I then ask the user for voice input and instruct the LLM to make modifications to the recipe according to the user’s instructions:

modifications = get_voice_input(w)
new_recipe = llm.make_modifications(modifications, recipe)
# use the same parsing as before to turn unstructured recipe into pydantic class
recipe = parse_recipe(new_recipe)

I can then write out the new recipe, and the user can look in their live Hugo view to see if it looks good:

There are some cases where the LLM will make modifications too aggressively or it’s just easier for me to make these changes manually. For these cases, I open up a vim buffer with the recipe and allow the user to make whatever changes they wish. I use the LLM to parse the required info out the same as before.

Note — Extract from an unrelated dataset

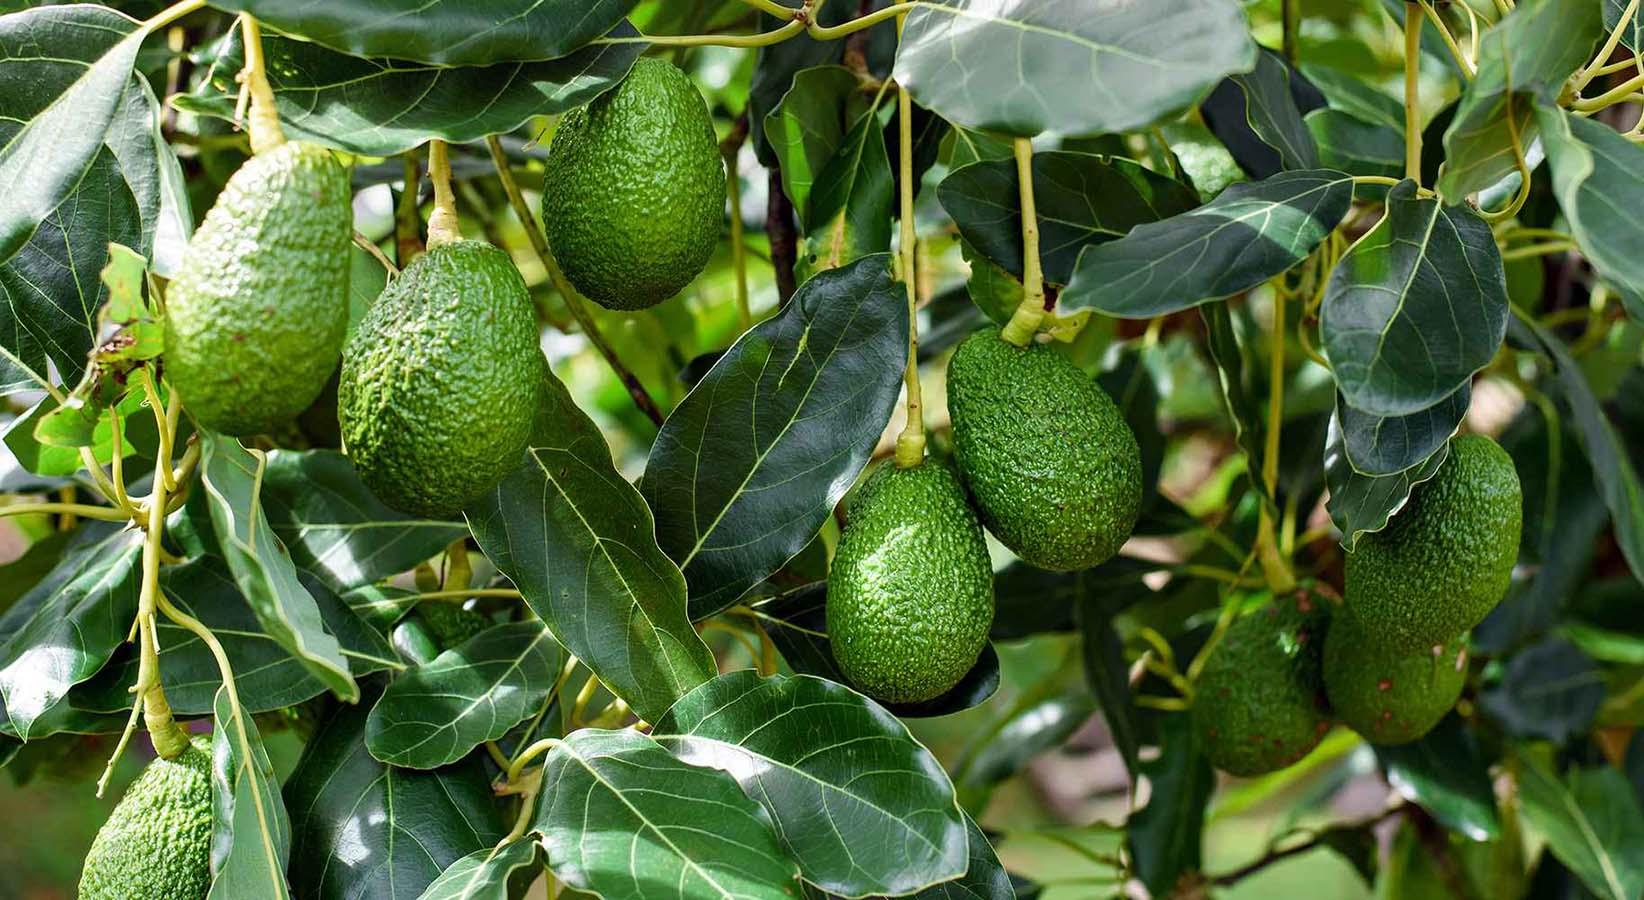 AVOCADO HELLAS- ΕΛΛΑΔΑ αβοκαντο δεντρο φυτο τιμη καρπος καλλιεργεια
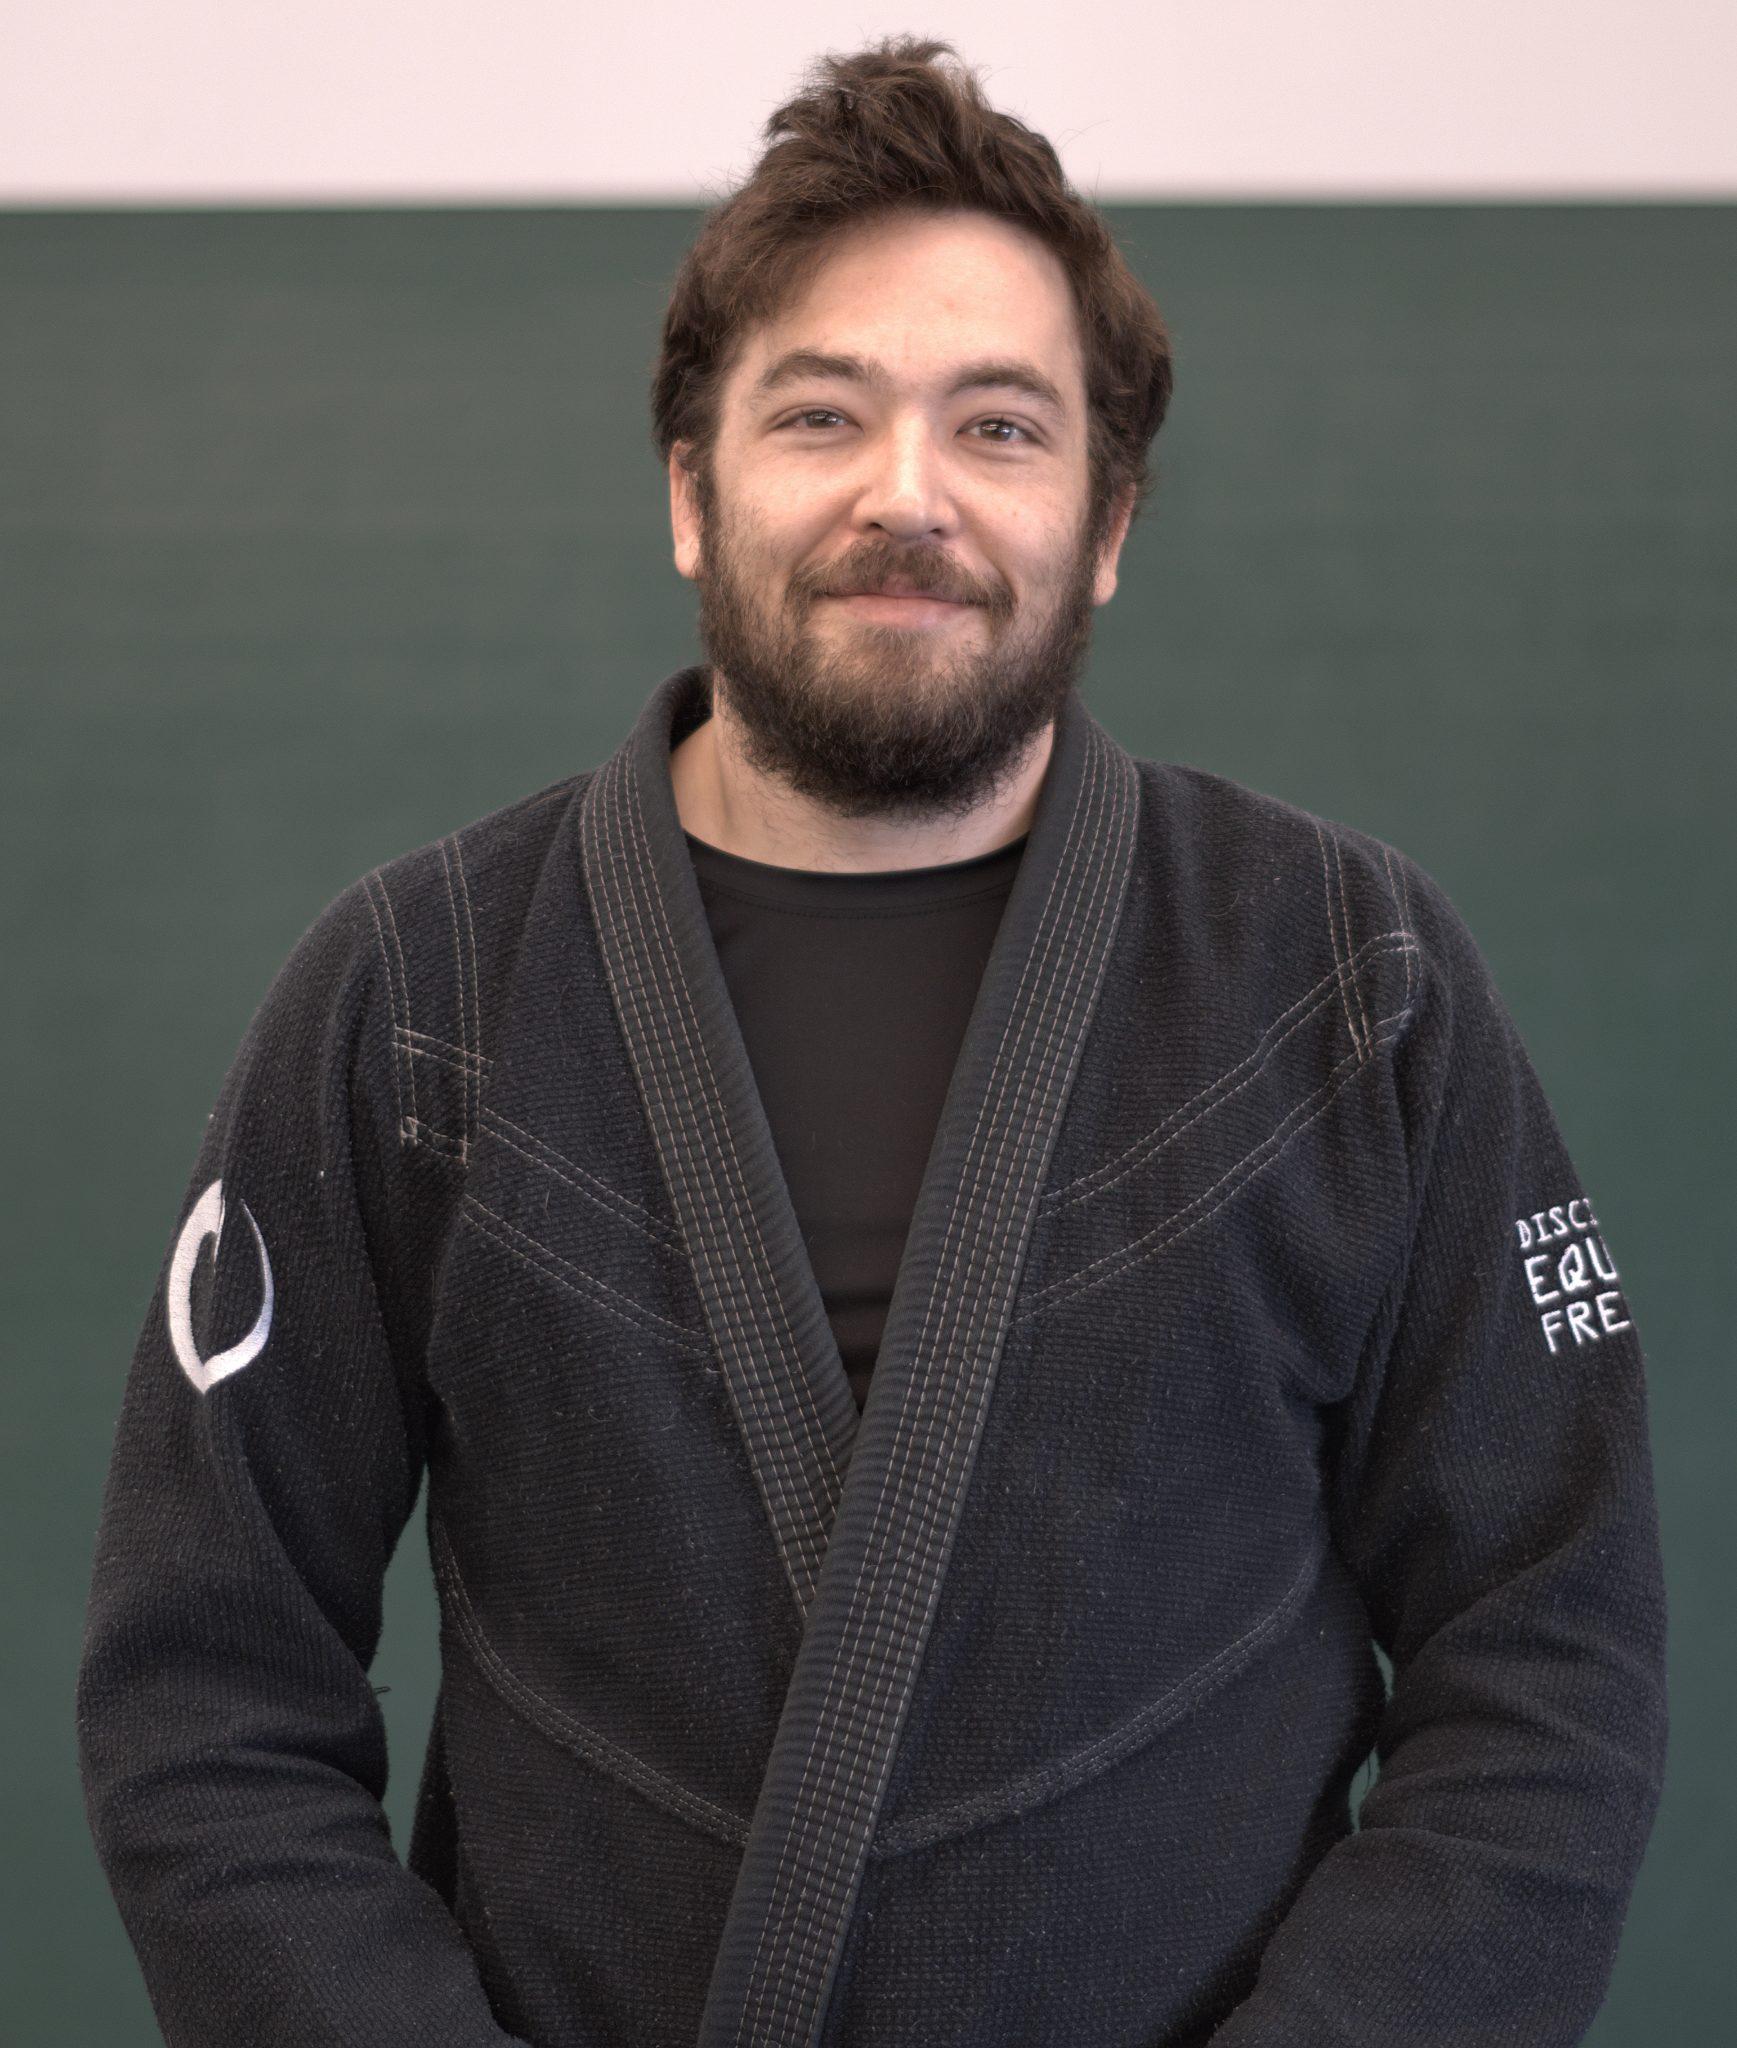 Coach Adam Pedigo - Blue Belt | Youth Jiu Jitsu | Jiu Jitsu Fundamentals

  • Dictate a recipe using my voice
  • Have an LLM generate a nicely-formatted recipe
  • Put that recipe on my website
  • Dictate any modifications I want to make and have them reflected in the recipe.

Conclusion

This tool was a ton of fun to build and taught me to think more precisely about how to use LLMs. I really believe that the current assistant/agent-focused discourse is pretty misguided. While assistant applications may come into the mainstream, I think that in the near term, LLMs will be useful as tools to get jobs done rather than agents to replace humans.

Local LLM epilogue

I’ve been playing around with local LLMs a lot as well. They are not even close to GPT quality, but they’re getting better every day. Hopefully Llama 2’s commercial license will open the floodgates.

With grammar based sampling being merged into llama.cpp, I think we’re a JSON-trained model away from being able implement function calling locally. Some have already taken a stab at it, and I have high hopes for restricted sampling being the key to eeking out better performance from local models.

At some point in the future, I’d like to rip out the OpenAI calls here and replace them with a local model. That would be sweet.